GIVEN INFORMATION:
^^^^^^^^^^^^^^^^

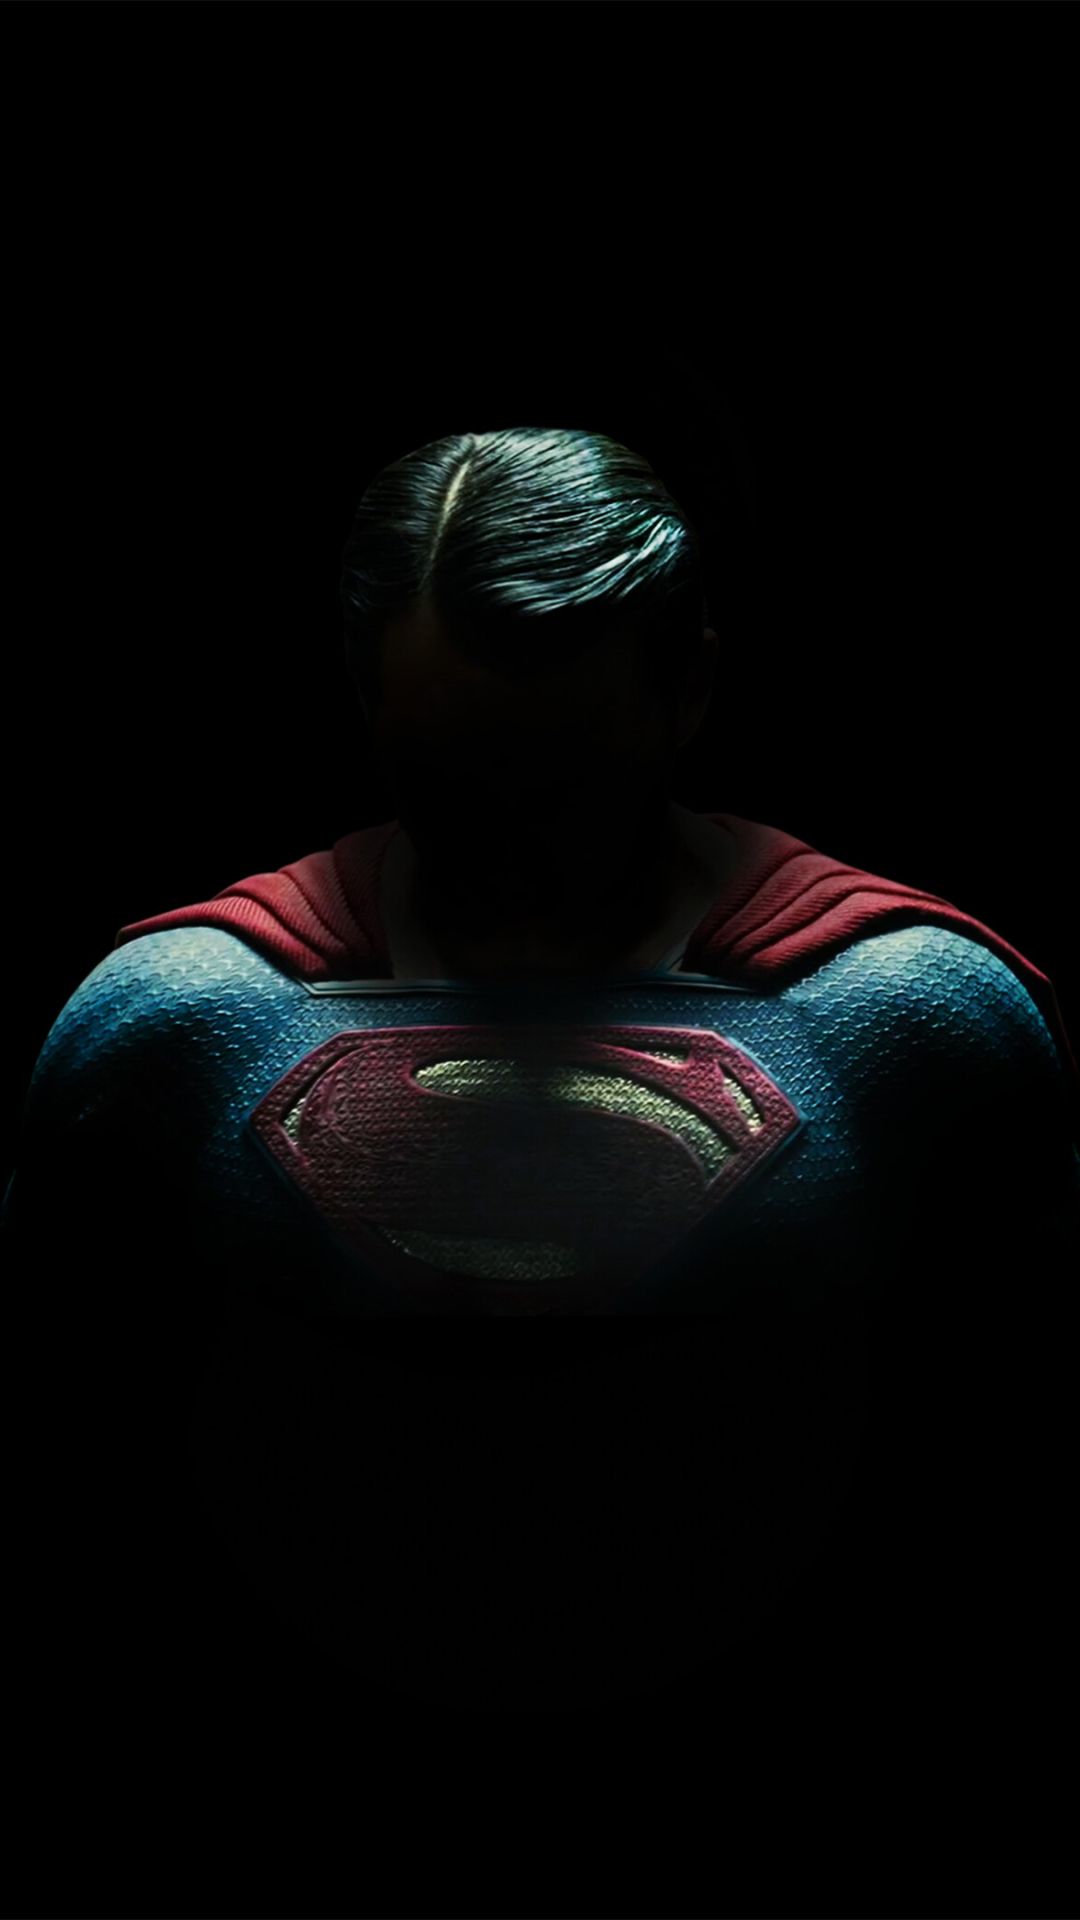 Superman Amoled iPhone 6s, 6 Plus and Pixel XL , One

^^^^^^^^^^^^^^^^

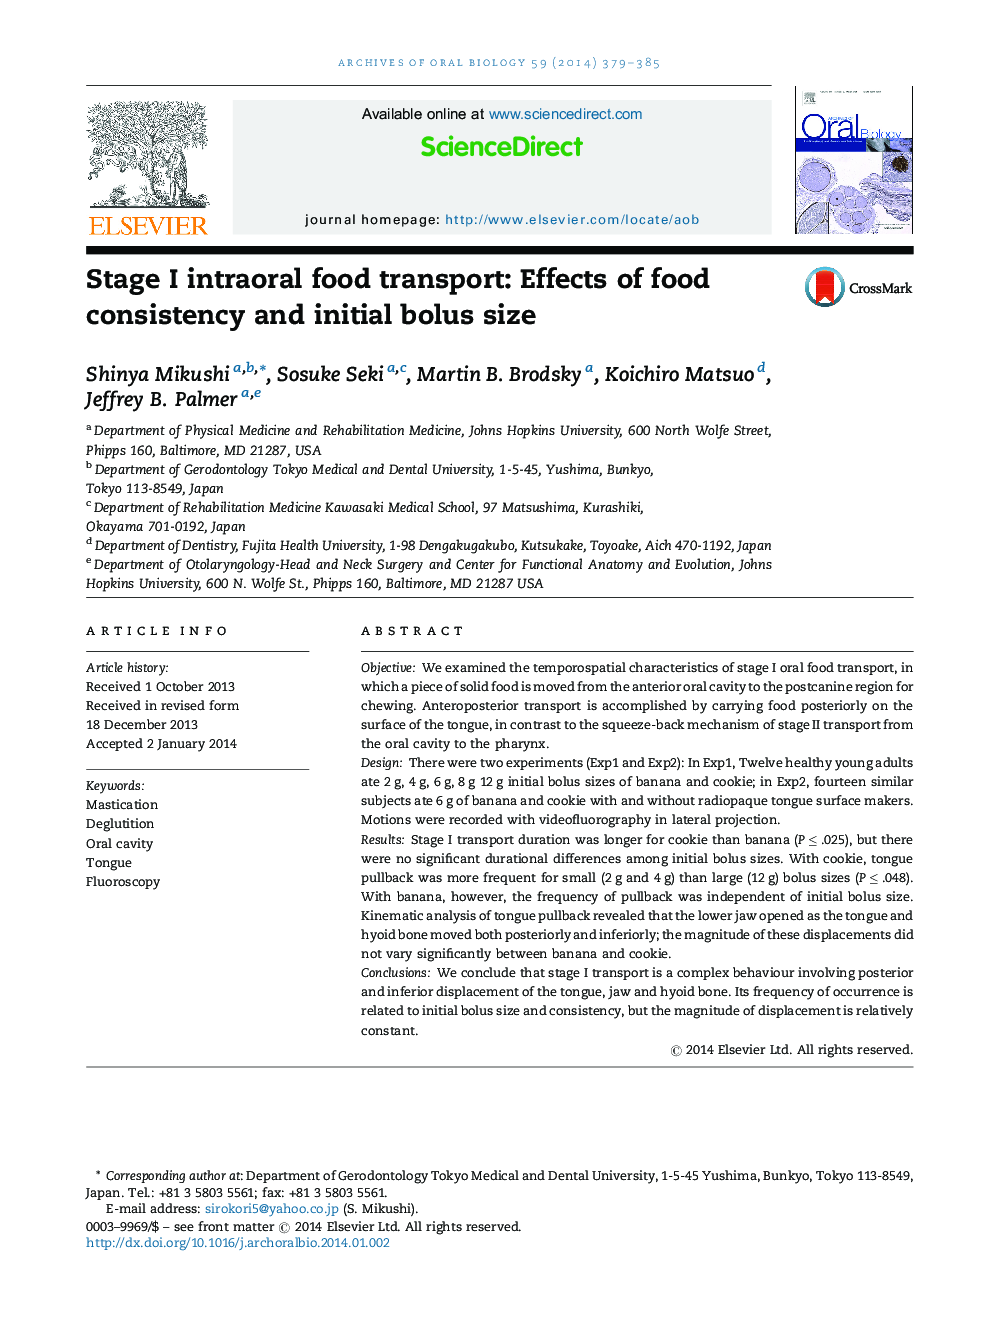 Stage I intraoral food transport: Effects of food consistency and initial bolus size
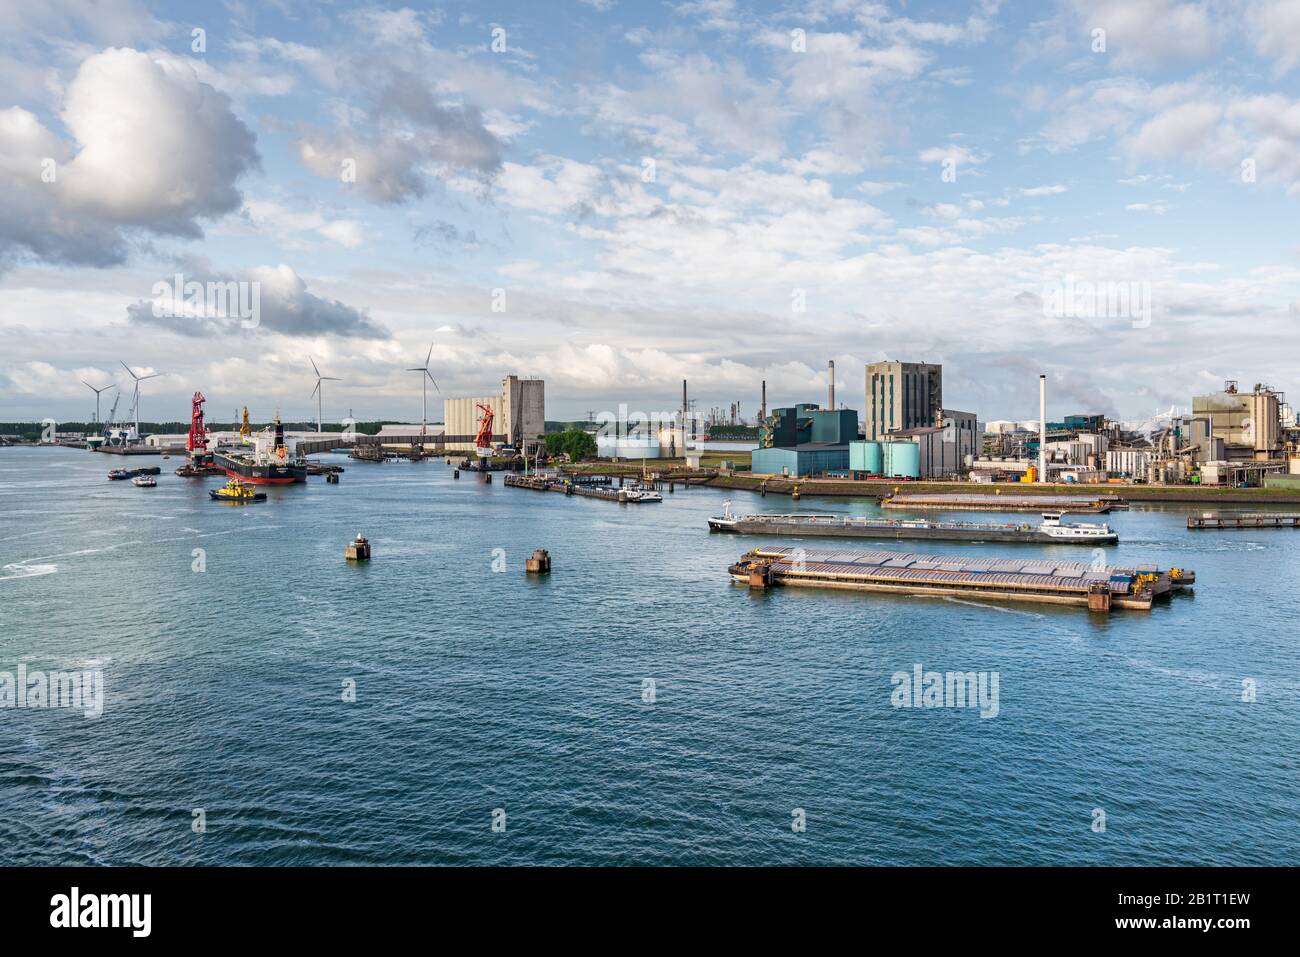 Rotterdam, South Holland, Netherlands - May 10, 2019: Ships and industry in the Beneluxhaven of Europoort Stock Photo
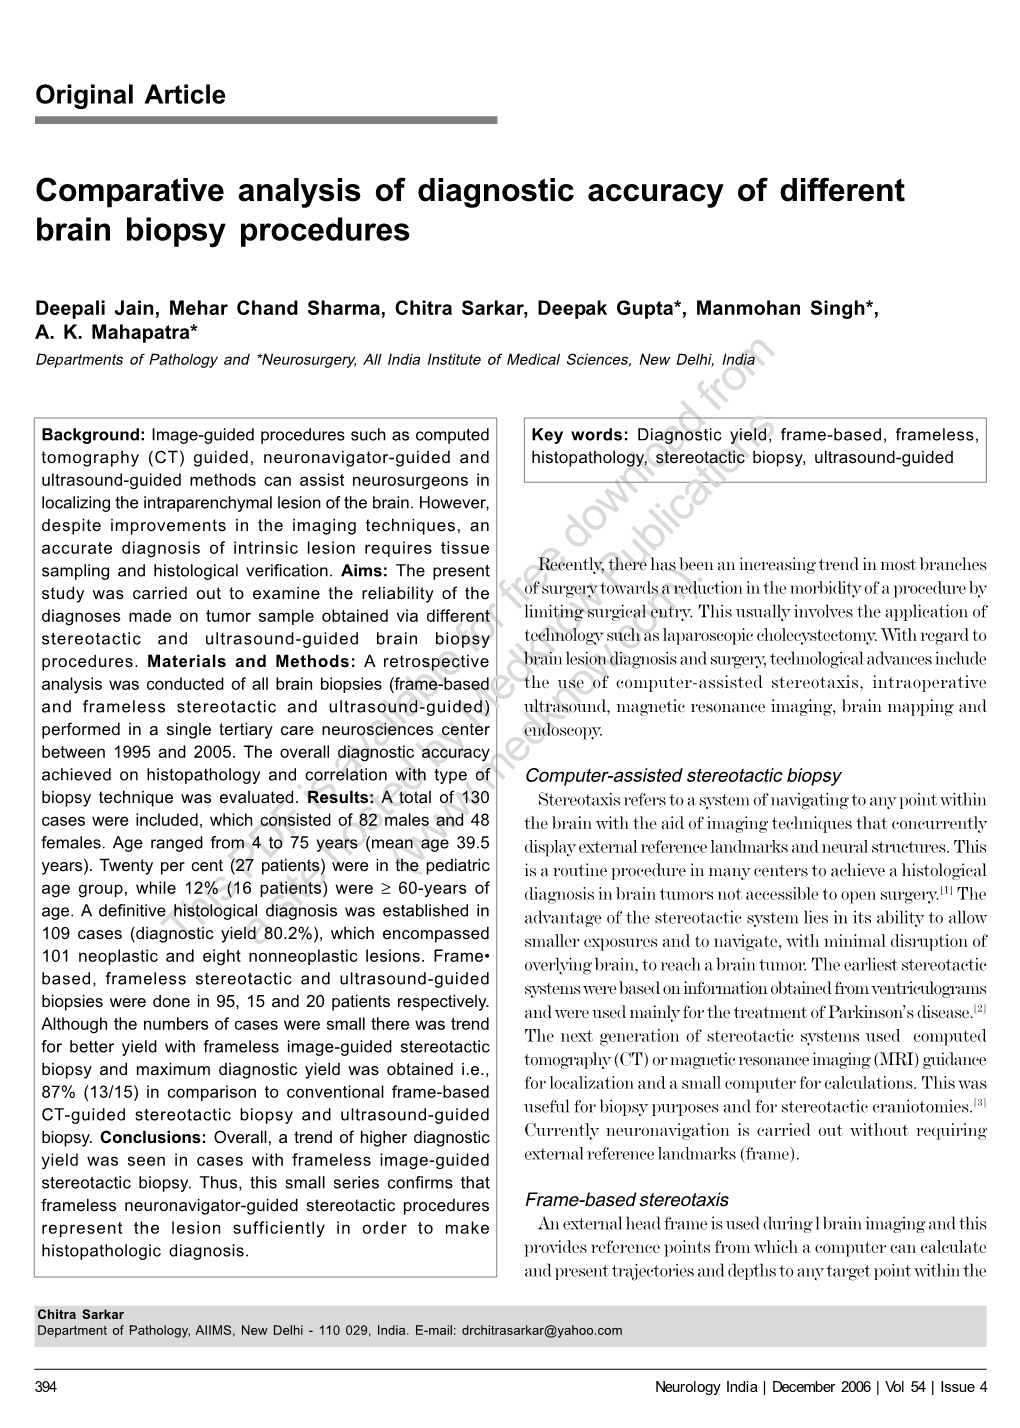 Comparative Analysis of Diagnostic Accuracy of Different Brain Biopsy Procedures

^^^^^^^^^^^^^^^^

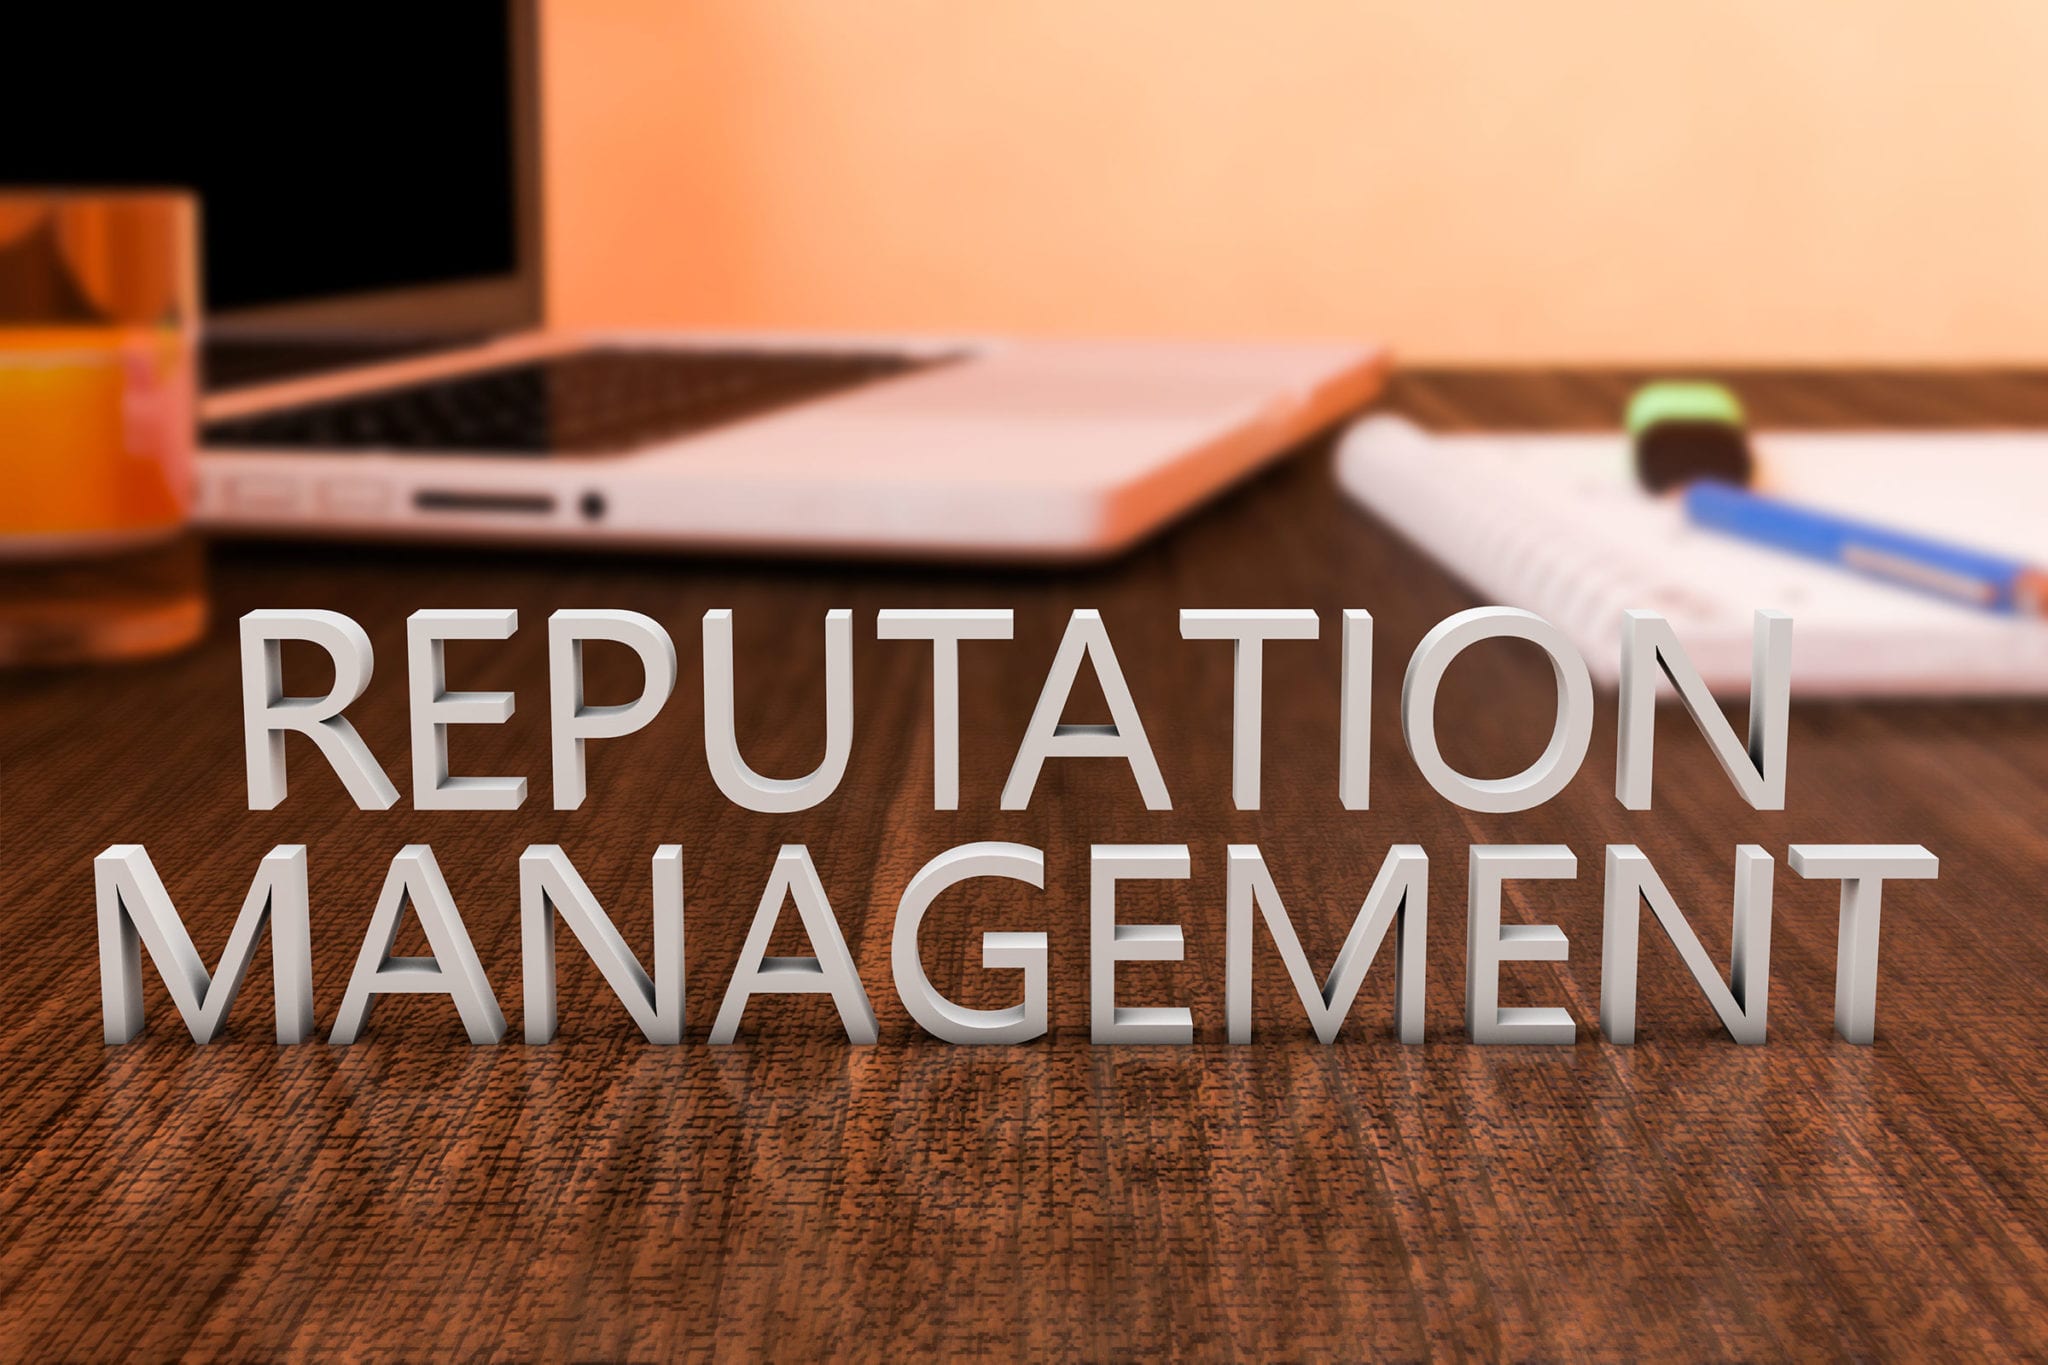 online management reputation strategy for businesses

^^^^^^^^^^^^^^^^

YOUR TASK:
For this exercise, transcribe exactly the part of the records above that opens with the line containing "Stage I intraoral" and closes with the one containing "Comparative Analysis of". Pictures are not part of the copy.

ANSWER SPACE:
 Stage I intraoral food transport: Effects of food consistency and initial bolus size
 Rotterdam, South Holland, Netherlands - May 10, 2019: Ships and industry in the Beneluxhaven of Europoort Stock Photo
 Comparative Analysis of Diagnostic Accuracy of Different Brain Biopsy Procedures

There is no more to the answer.